■ **Material provided**:
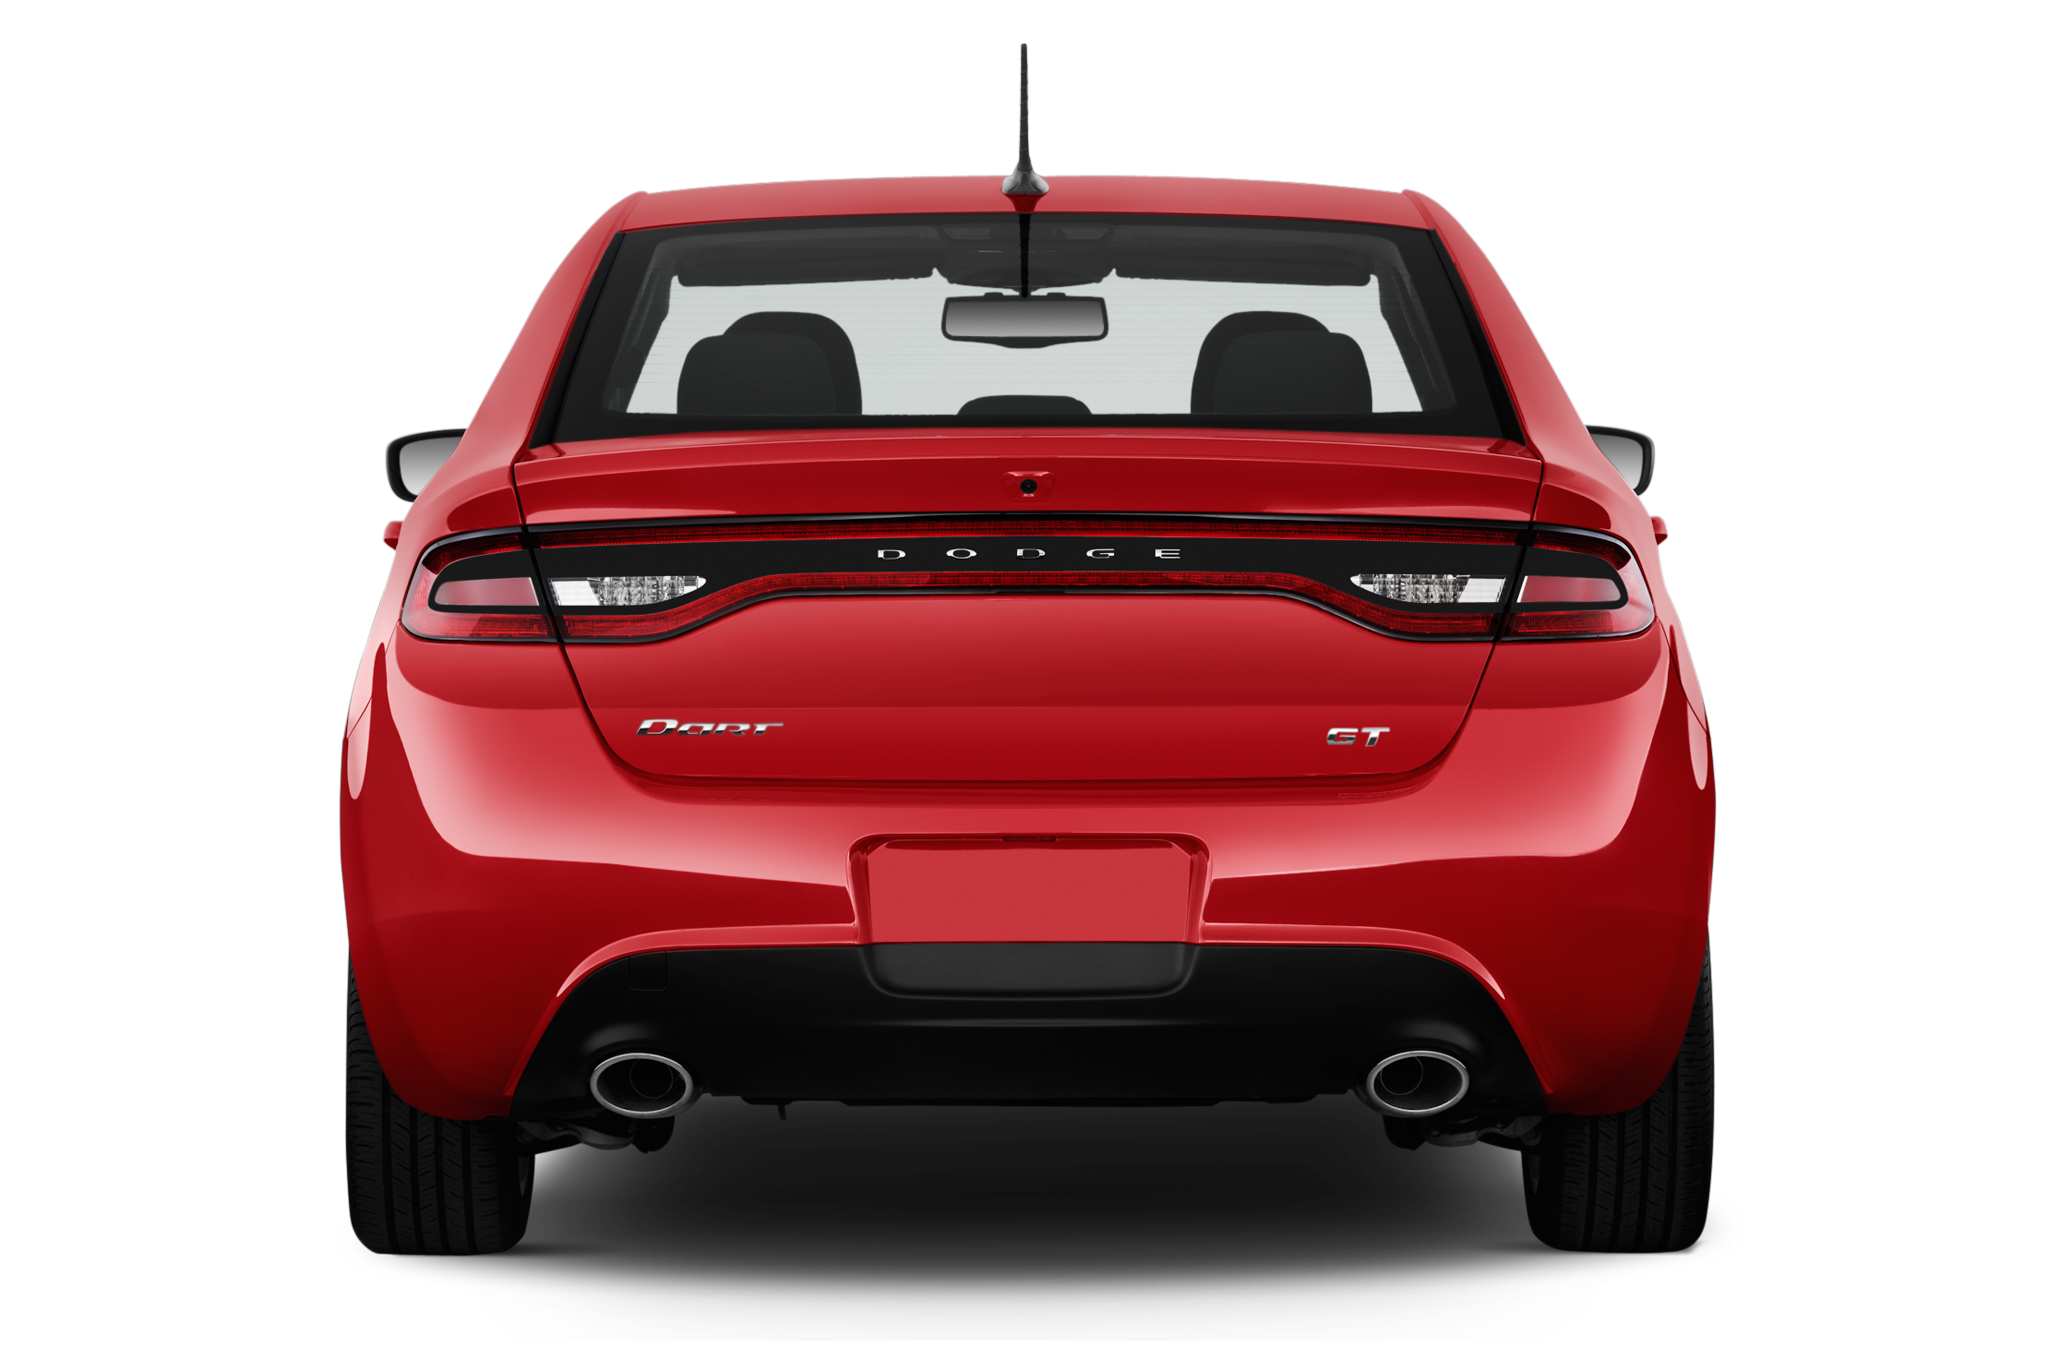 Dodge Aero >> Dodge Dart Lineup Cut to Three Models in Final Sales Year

...

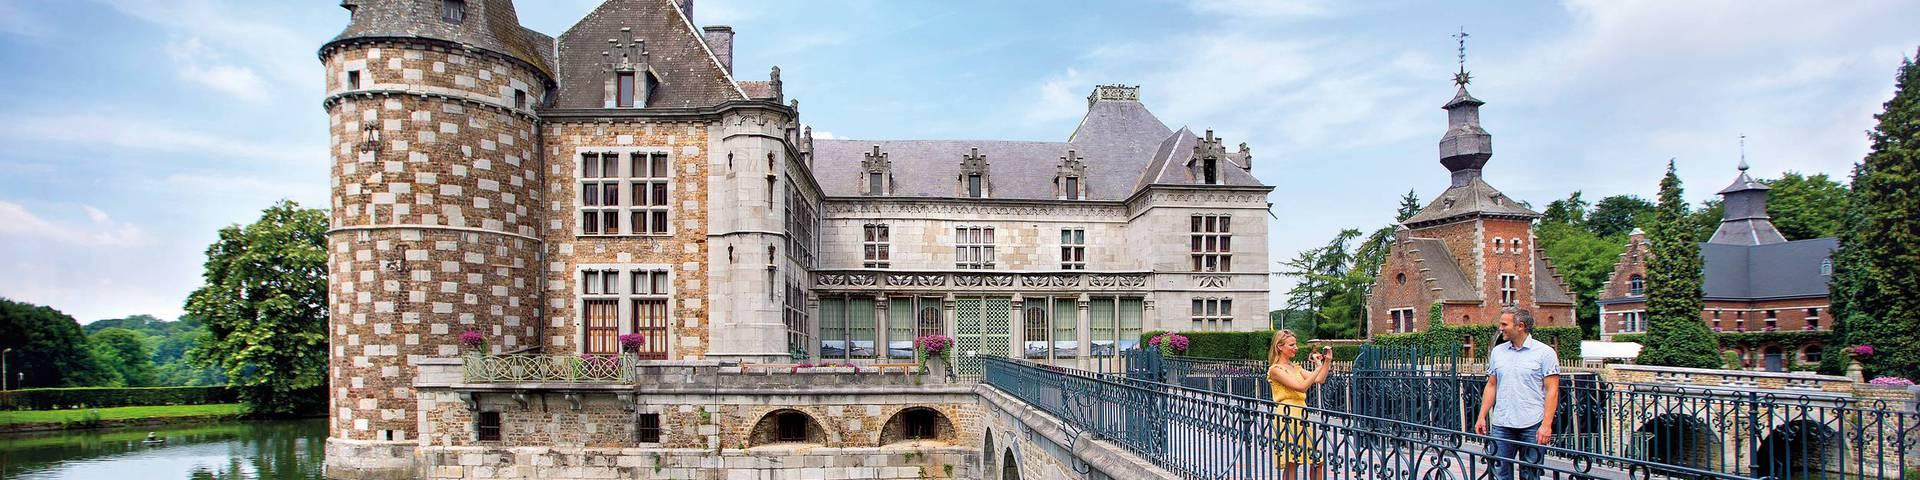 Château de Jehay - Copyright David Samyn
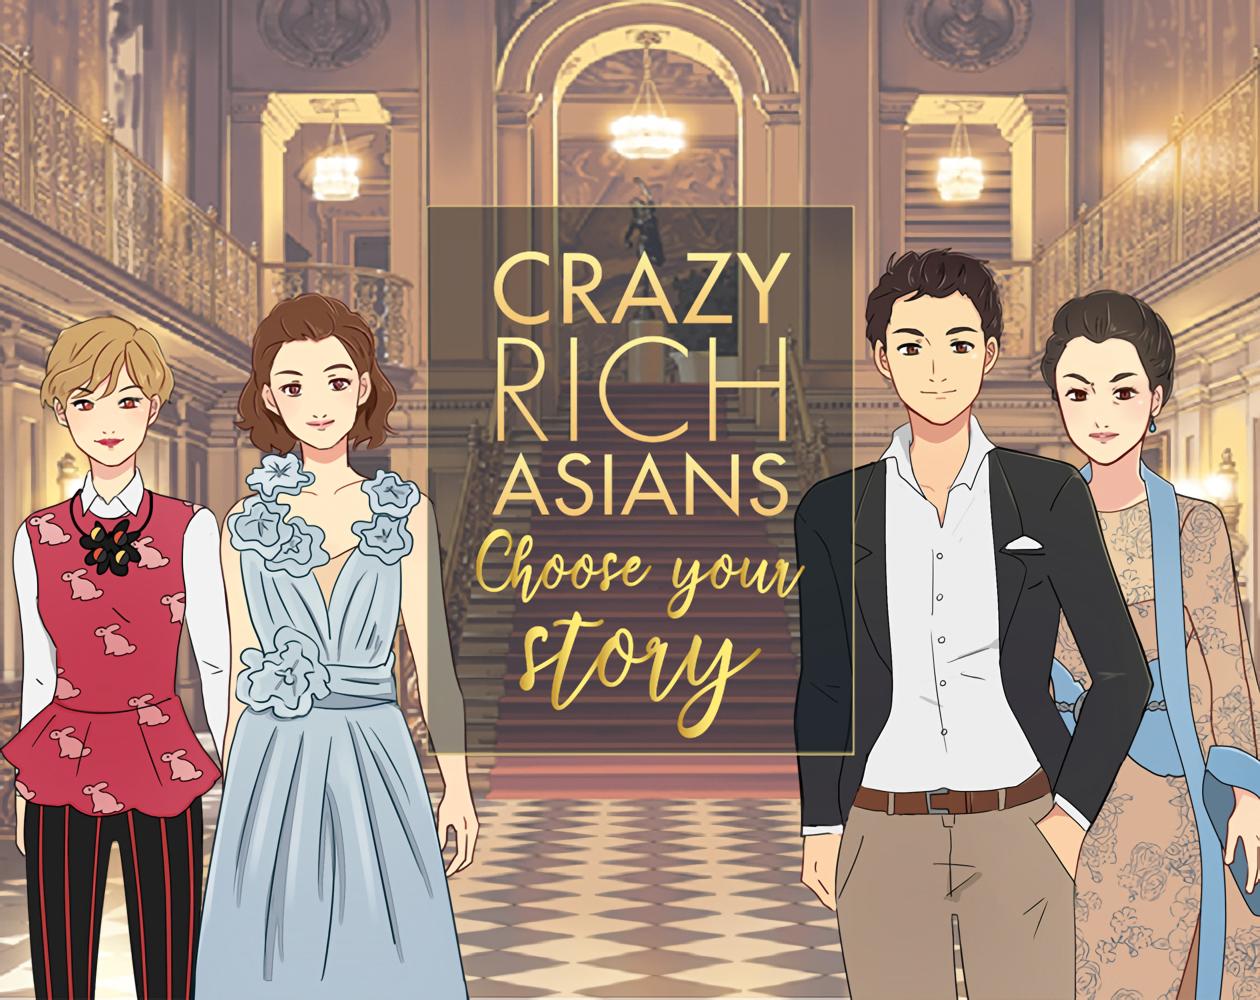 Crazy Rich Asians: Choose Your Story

---

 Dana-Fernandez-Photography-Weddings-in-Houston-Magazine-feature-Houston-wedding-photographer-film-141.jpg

■ **Problem to solve**:
Although pictures appear among the records above, none are to be output; print exactly the lines from the line containing "Château de Jehay - Copyright David Samyn" through the line containing "Crazy Rich Asians: Choose Your Story".

■ **Answer section**:
 Château de Jehay - Copyright David Samyn
 Crazy Rich Asians: Choose Your Story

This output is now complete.